Budak lelaki biasanya bekerja untuk menggarap sawah dan kebun, sedangkan budak wanita bekerja di rumah sebagai pelayan dan di kebun sebagai pemetik hasil panen. Lantaran dua bidang pekerjaan itulah yang memungkinkan harga mereka lebih mahal.
Nah, pertanyaannya sekarang, kalau temuluk atau perbudakan pernah eksis di Tanah Gayo, lantas kenapa saat ini hal itu sudah tidak ditemukan lagi?
Jika merujuk pada tahun penulisan buku tersebut, sudah bisa dipastikan perbudakan pada akhir 1890-an sampai awal 1900-an memang masih eksis di Tanah Gayo.
Itu jelas terlambat, jika dibandingkan dengan kasus anti-perbudakan paling terkenal di dunia, yakni di Amerika Serikat, saat Presiden Abraham Lincoln mendeklarasikan Proklamasi Emansipasi pada 1 Januari 1863.
Adapun di Gayo, teks yang dapat kita rujuk untuk kasus yang serupa adalah tulisan Ali Mambang Teruna, cucu dari Reje Maun dari Kejurun Bukit. Naskah itu ditemukan dalam Musyawarah Ulama ke II MPU Aceh Tengah pada 20 November 2008 dan dialihaksarakan oleh Zulfikar.
Disebutkan bahwa Reje Maun adalah orang Gayo pertama yang bersekolah, dan berhasil menghapus perbudakan di Tanah Gayo sekitar tahun 1914.
Adapun sistem yang dia terapkan adalah setiap budak yang telah dibebaskan, oleh harus dianggap sebagai bagian dari anggota keluarga dari majikan.
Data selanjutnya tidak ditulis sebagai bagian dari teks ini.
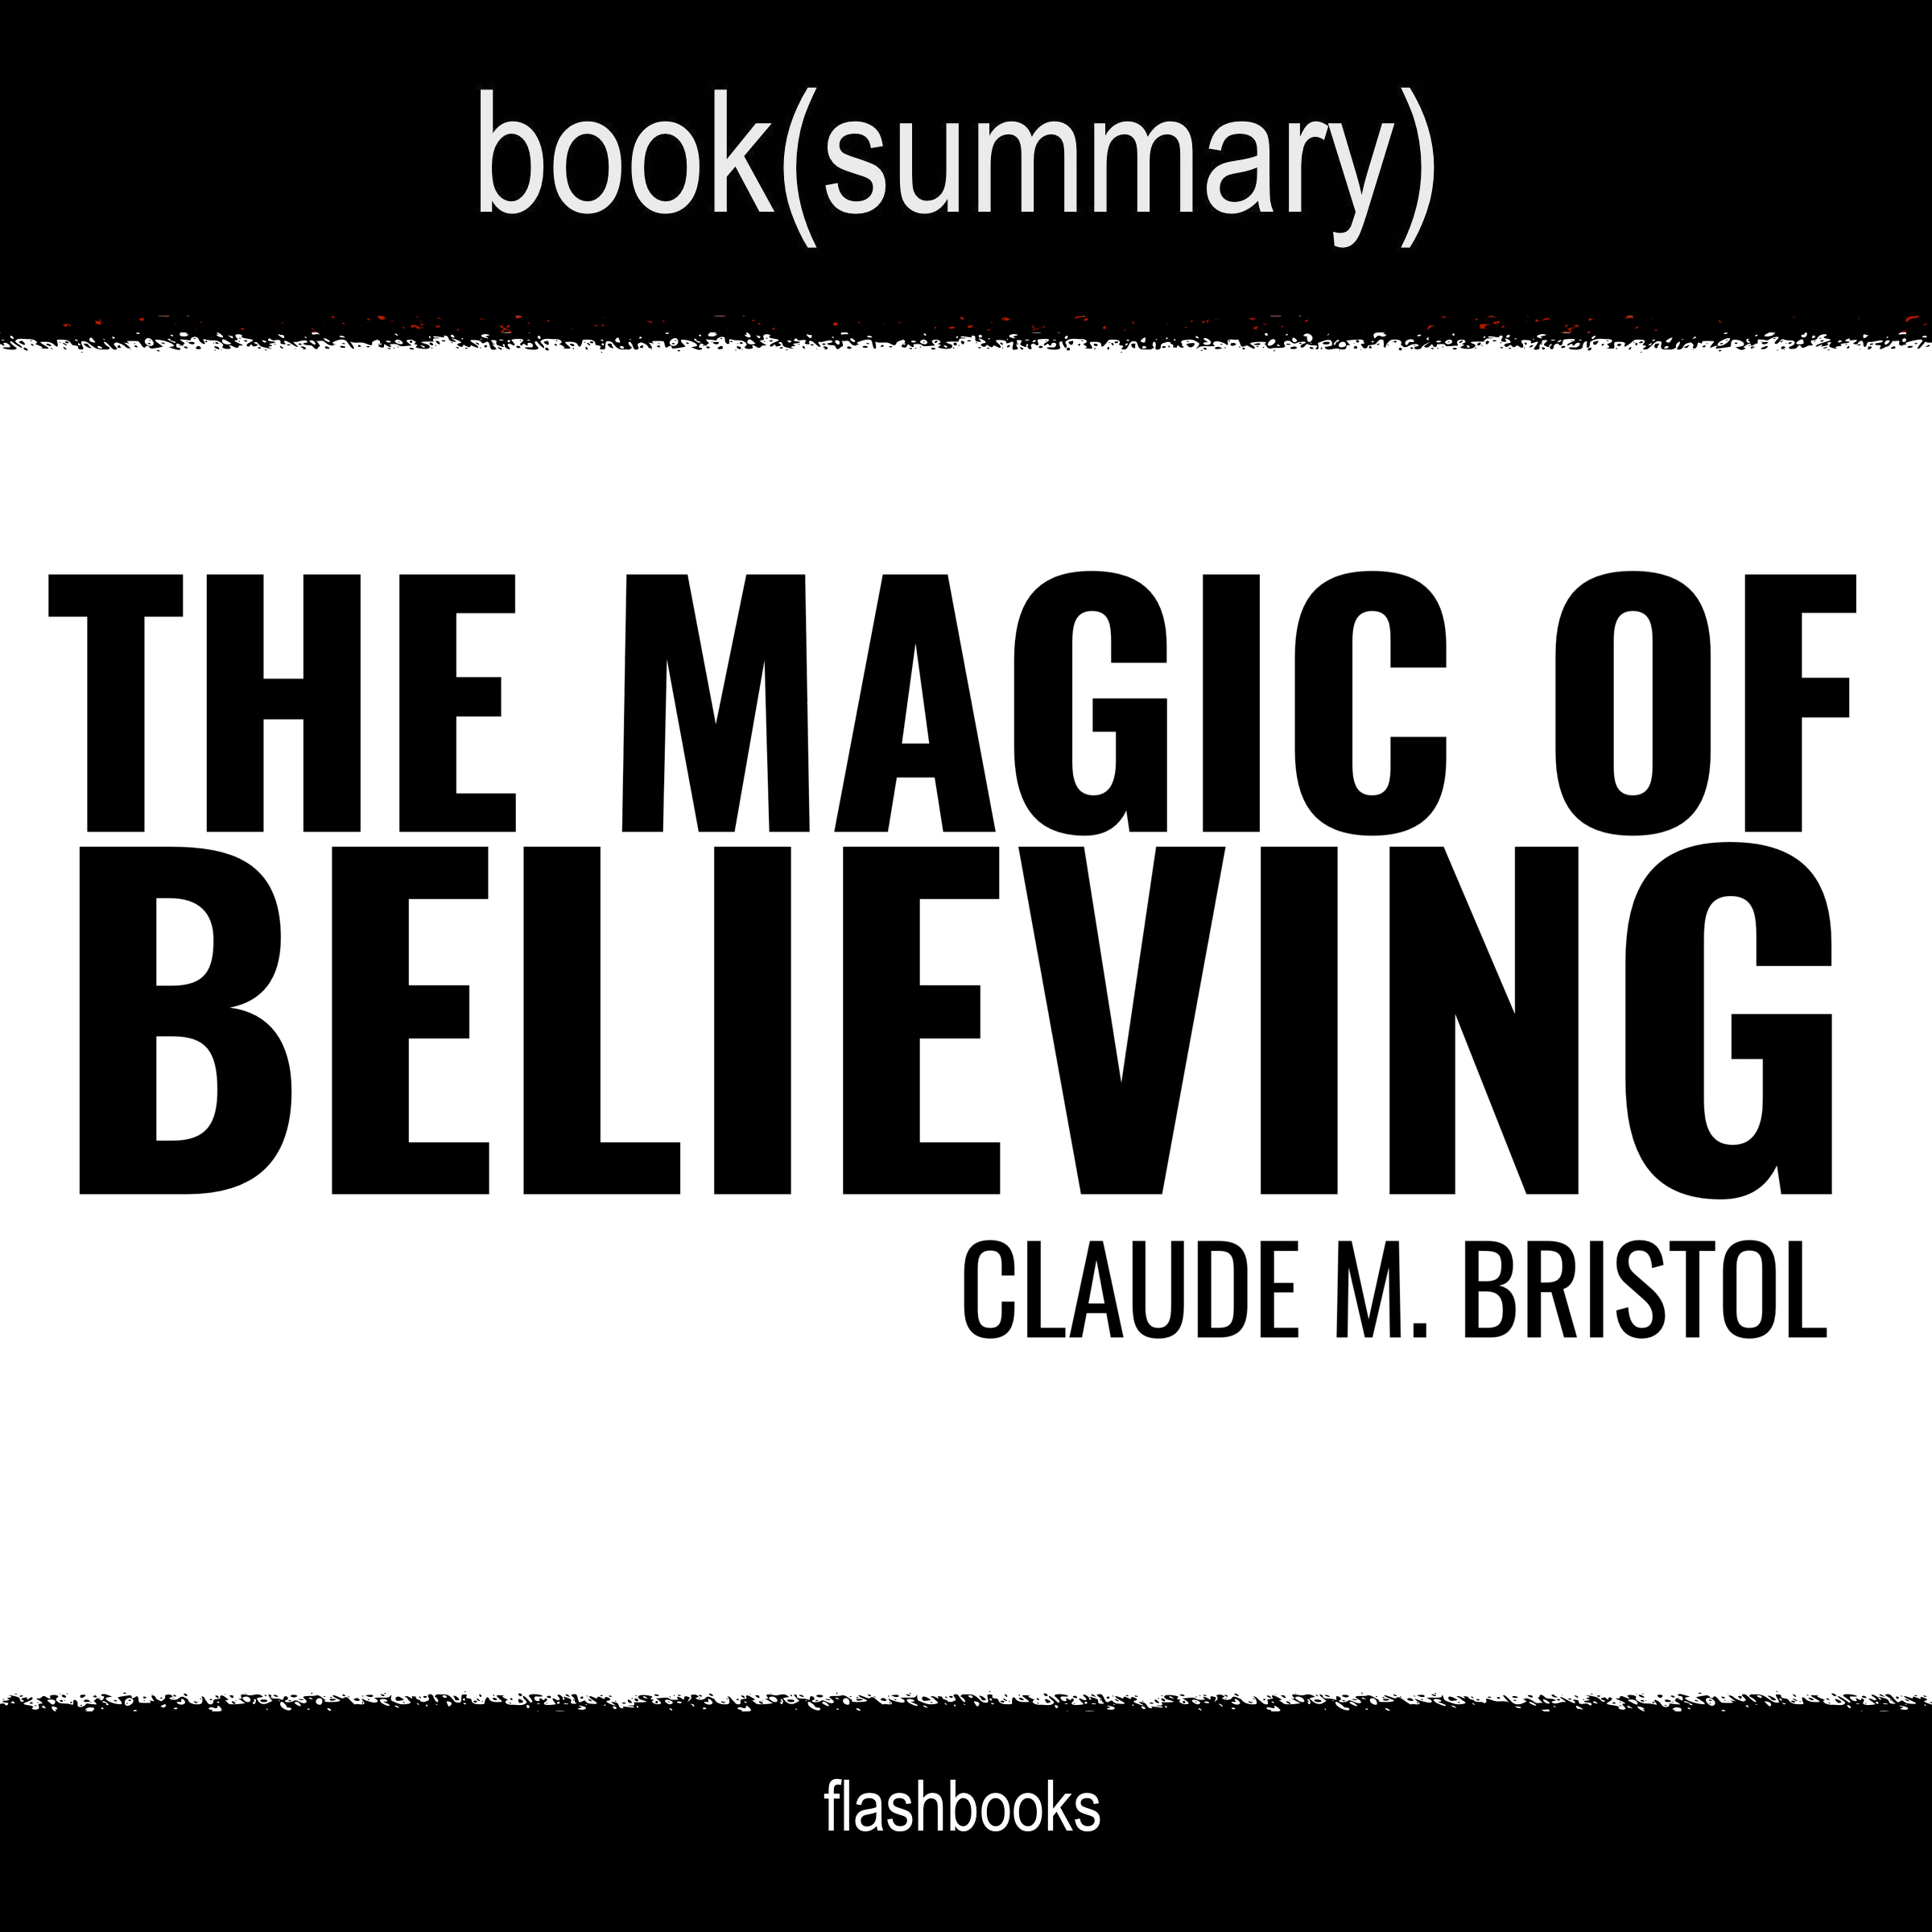 The_Magic_Of_Believing_by_Claude_M_Bristol_Audiobook_Summary

Dia harus punya tutur: baik itu adik, anak, cucu, atau tutur apa pun yang ada dalam hierarkis keluarga di Gayo.
Saat itu, siapa pun yang mencap seseorang sebagai temuluk maka Reje Maun akan memberi hukuman berat. Tidak disebutkan hukumannya apa, tapi yang jelas sanksi sosial semacam ini adalah salah satu bentuk betapa kaum humanis memang pernah berjuang dan menang di Tanah Gayo.
Dari uraian di atas, sudah jelas bahwa penyebutan temuluk dalam pepatah “bebuet lagu temuluk, mangan lagu reje” bukan sekadar simbolisme belaka.
Keberadaan temuluk dan sistem perbudakan di Tanah Gayo memang pernah eksis. Kita memang tidak bisa memakai standar moral kontemporer untuk menjelaskan situasi sosial kala itu.
Jadi, untuk saat ini mari kita bersama-sama membuka hati dan pikiran untuk meneliti bagian sejarah yang hilang dari Tanah Gayo, khususnya tentang konsep temuluk dan perbudakan dalam Masyarakat Gayo.